Hoppe said Fields was qualified to be represented by a federal public defender and appointed legal counsel for him.

The 21-year-old defendant said he has a high school education and has worked as a security guard.

Some survivors of the attack were among the dozens of people in the courtroom. Also present was Heyer's mother, Susan Bro.

Talking with news reporters outside the courthouse, Bro said she expected a not-guilty plea at this stage of the case, but added she still "felt a little punched in the gut."

She also said she was a bit surprised that Fields' voice sounded "bold."

"I just somehow expected him to sound more timid and abashed, but he didn't sound like it at all," Bro said.

The "Unite the Right" rally drew hundreds of white nationalists to the college town, where officials planned to remove a statue of Confederate Gen. Robert E. Lee. Hundreds more came out to protest against the white nationalists.

The car attack came after vicious brawling broke out between white nationalists and counterdemonstrators and authorities forced the crowd to disband.

Prosecutors allege that after the crowd broke up, Fields drove his car toward the area where a racially diverse group of people had gathered to protest the rally. They say he rapidly accelerated his gray Dodge Challenger into the crowd. The car then reversed and fled.

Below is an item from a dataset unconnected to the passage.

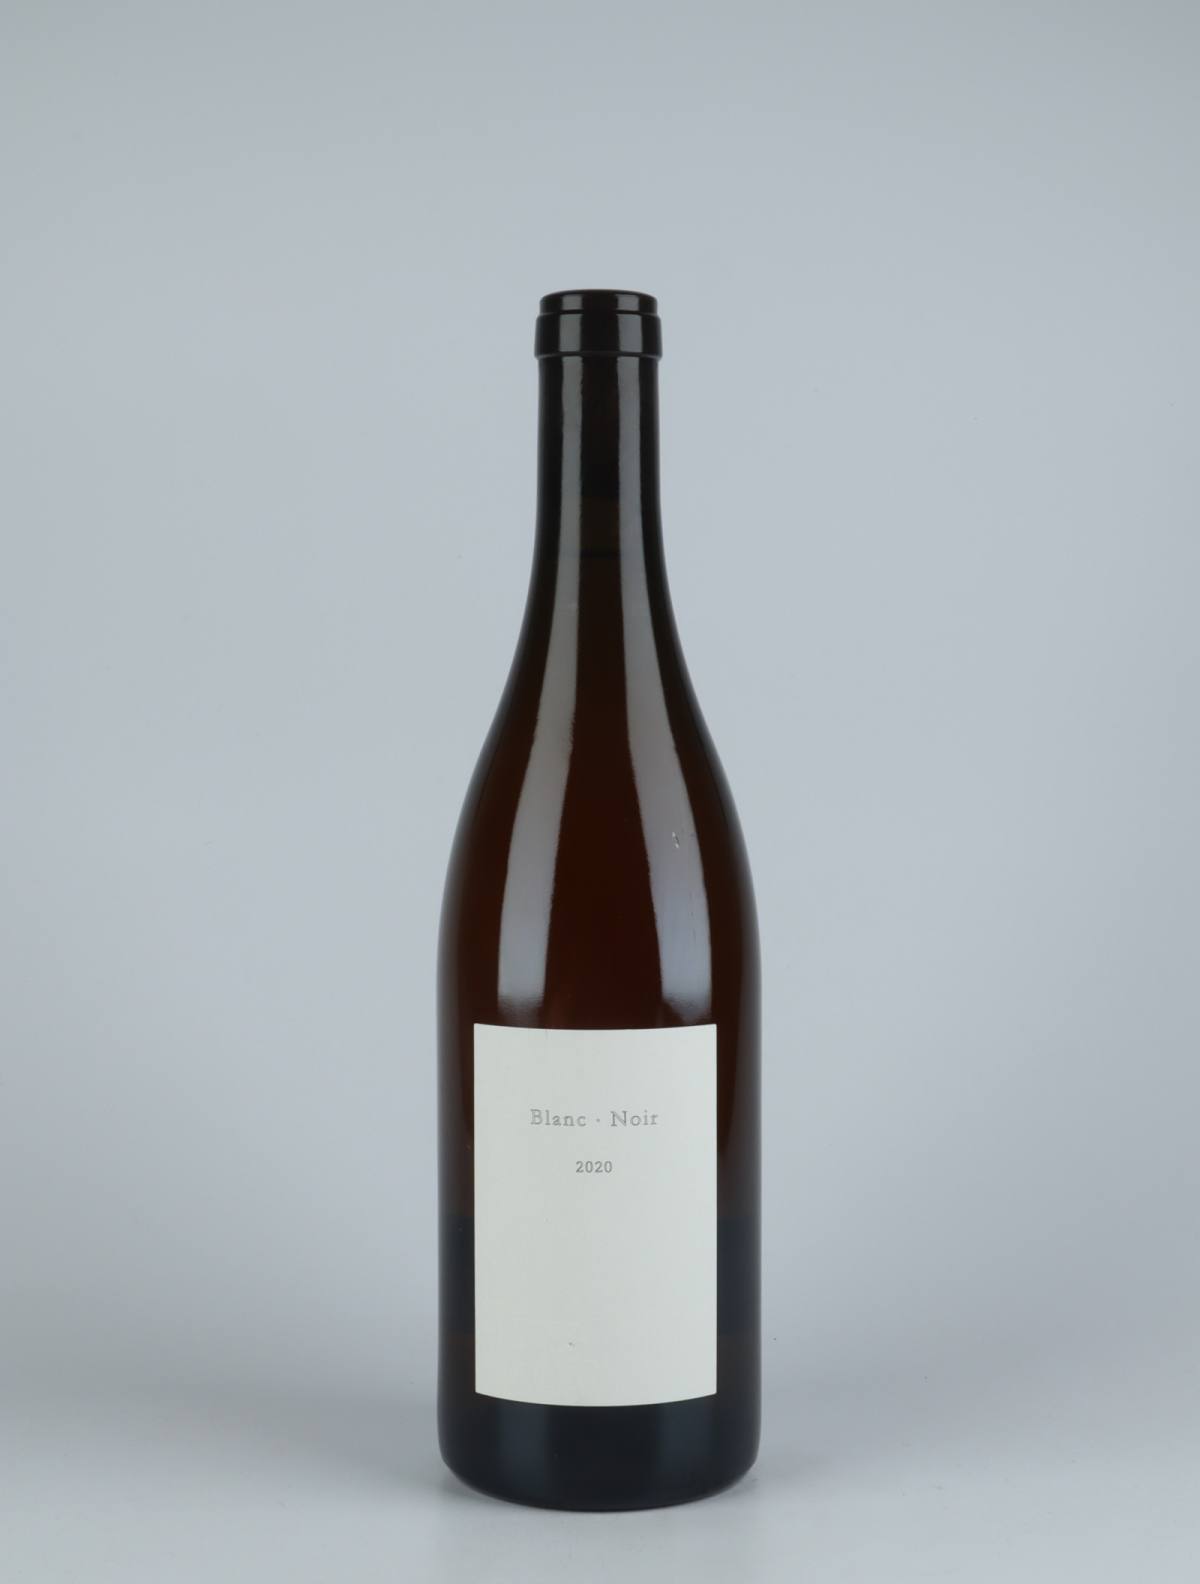 En flaske 2020 Blanc.Noir Hvidvin fra Les Frères Soulier, Rhône i Frankrig
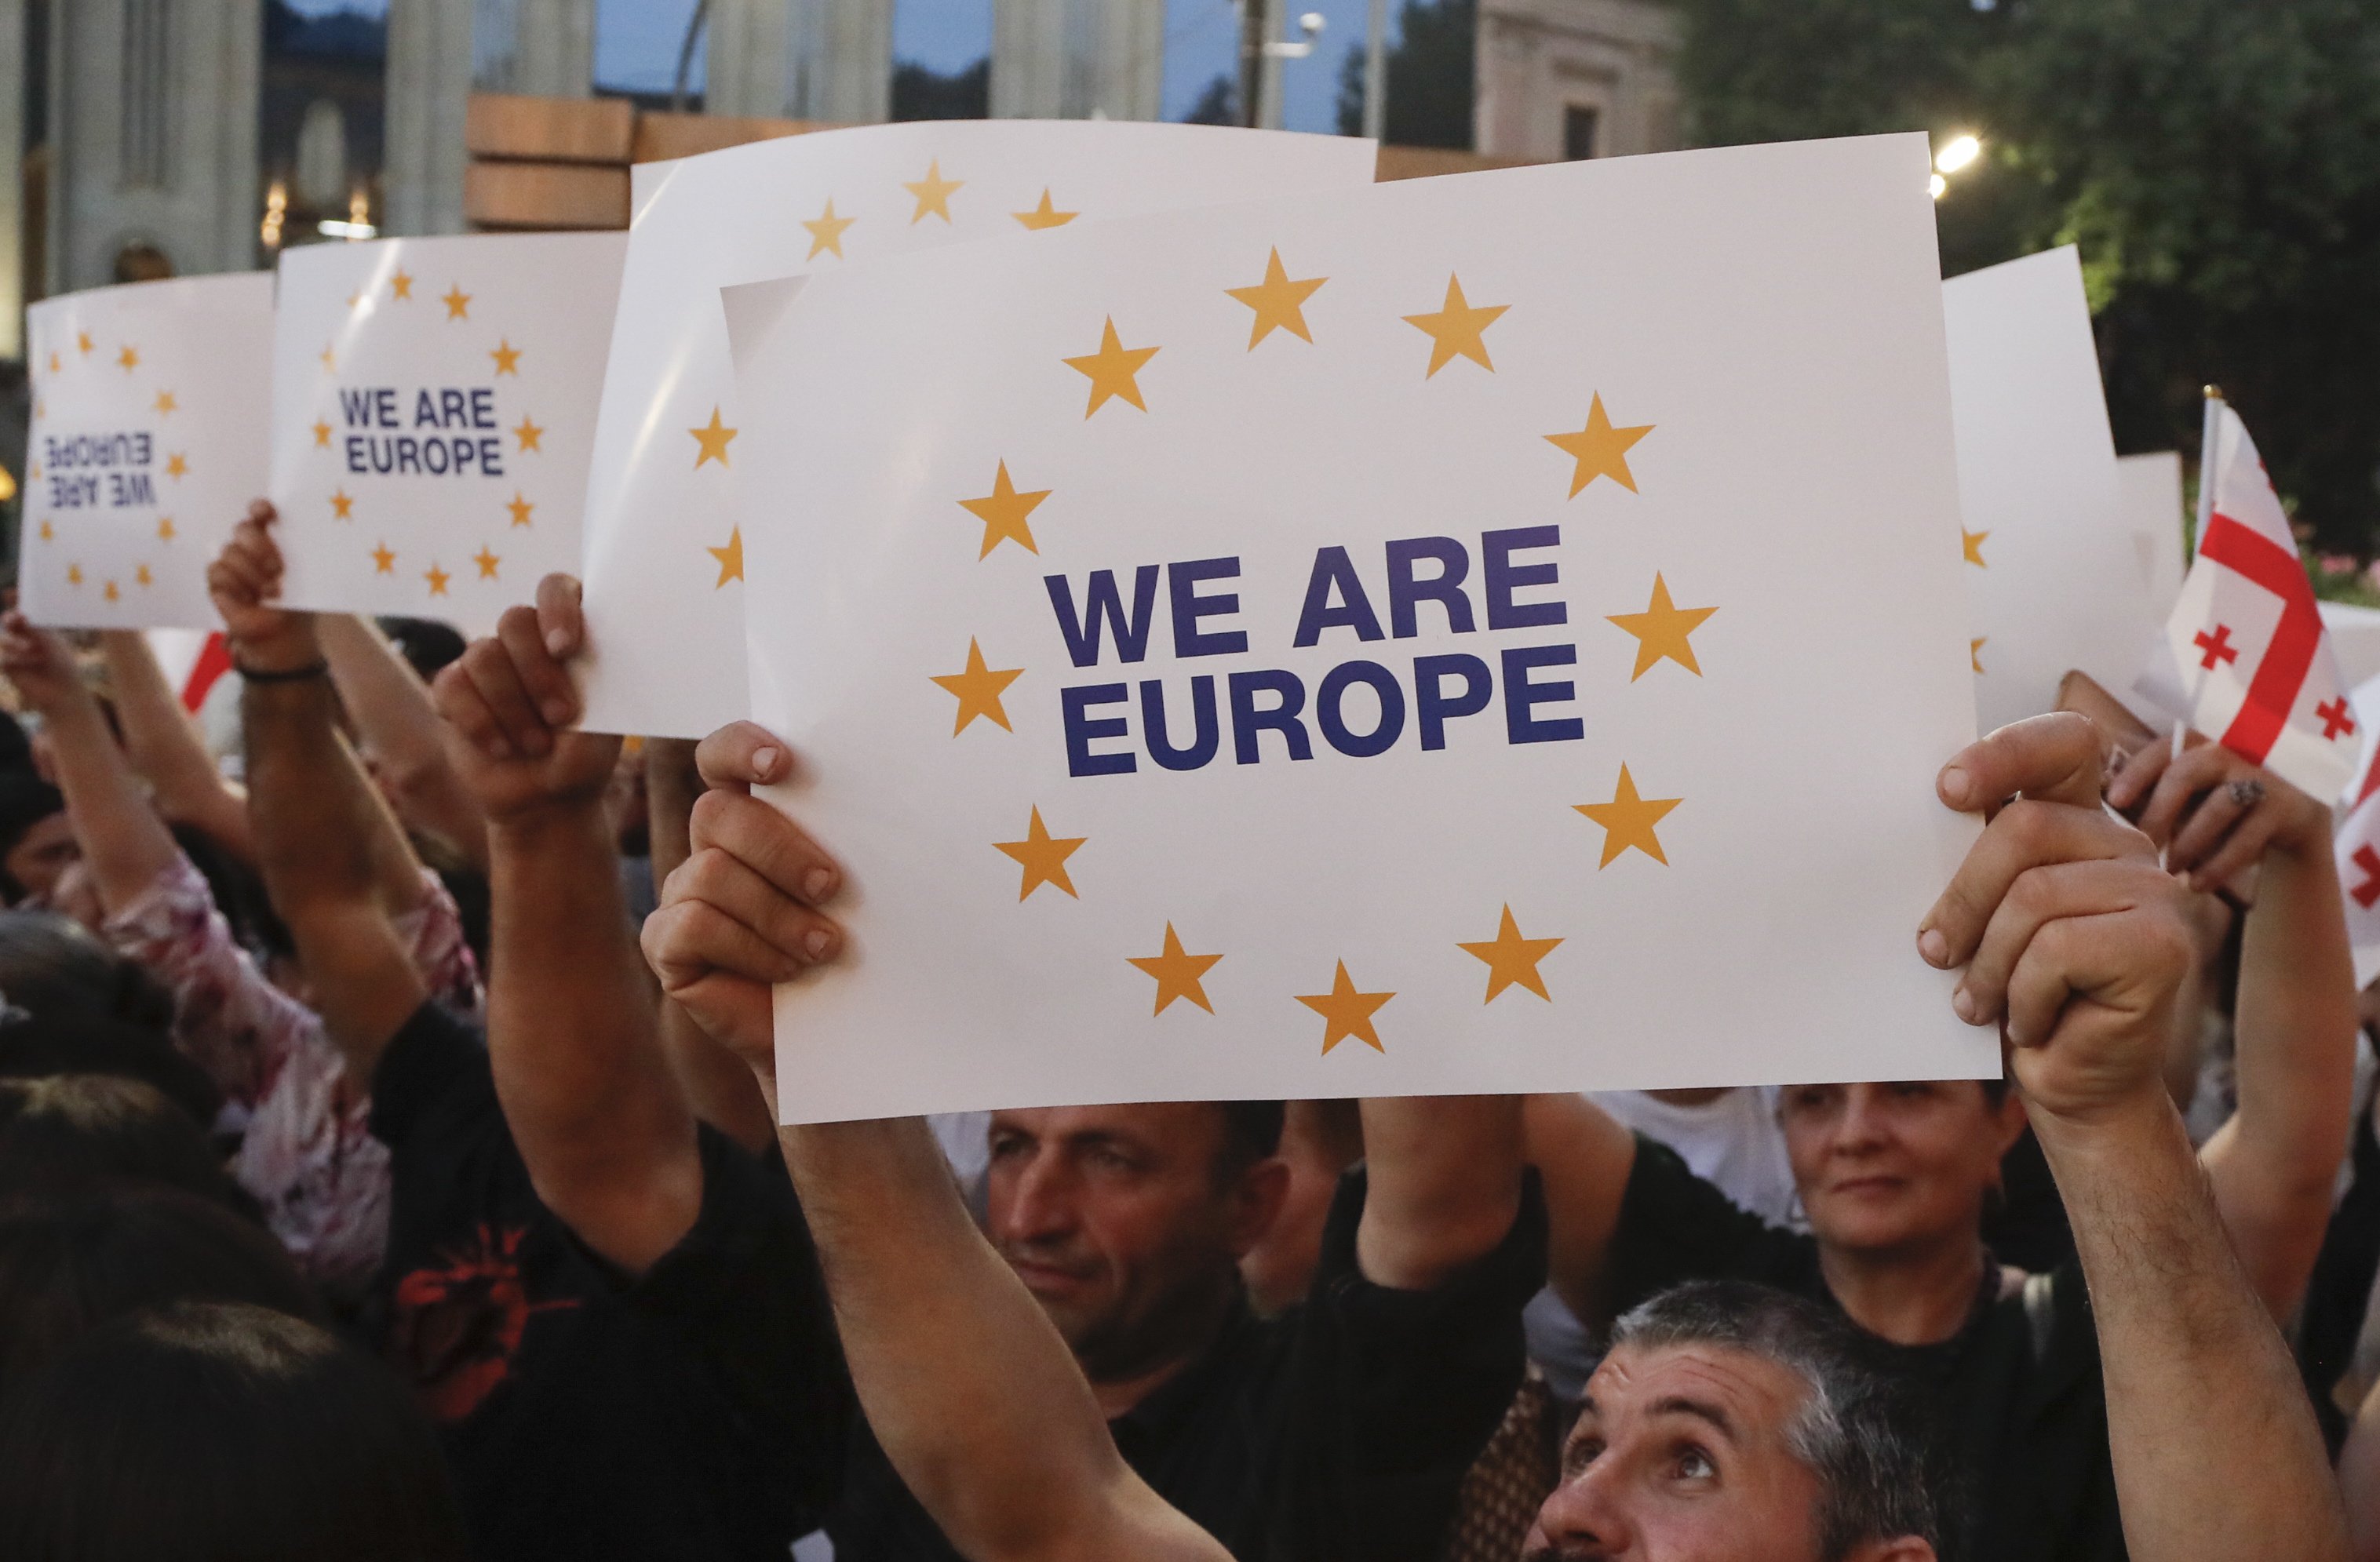 Geòrgia surt al carrer, després de la galleda d'aigua freda de la UE, i reclama: "Som Europa"

Fields, who has been described by authorities and others who knew him as an admirer of Adolf Hitler, was arrested a relatively short while later. He has been in custody since the attack.

According to an indictment, Fields expressed white supremacist views on social media ahead of the rally, such as support for Hitler's policies, including the Holocaust.

As he prepared to leave for Charlottesville, a family member sent him a text message urging him to be careful and Fields replied, "We're not the ones who need to be careful," attaching an image of Hitler, the indictment said.

The morning of the rally, Fields engaged in chants promoting or expressing white supremacist and other racist views, according to the indictment.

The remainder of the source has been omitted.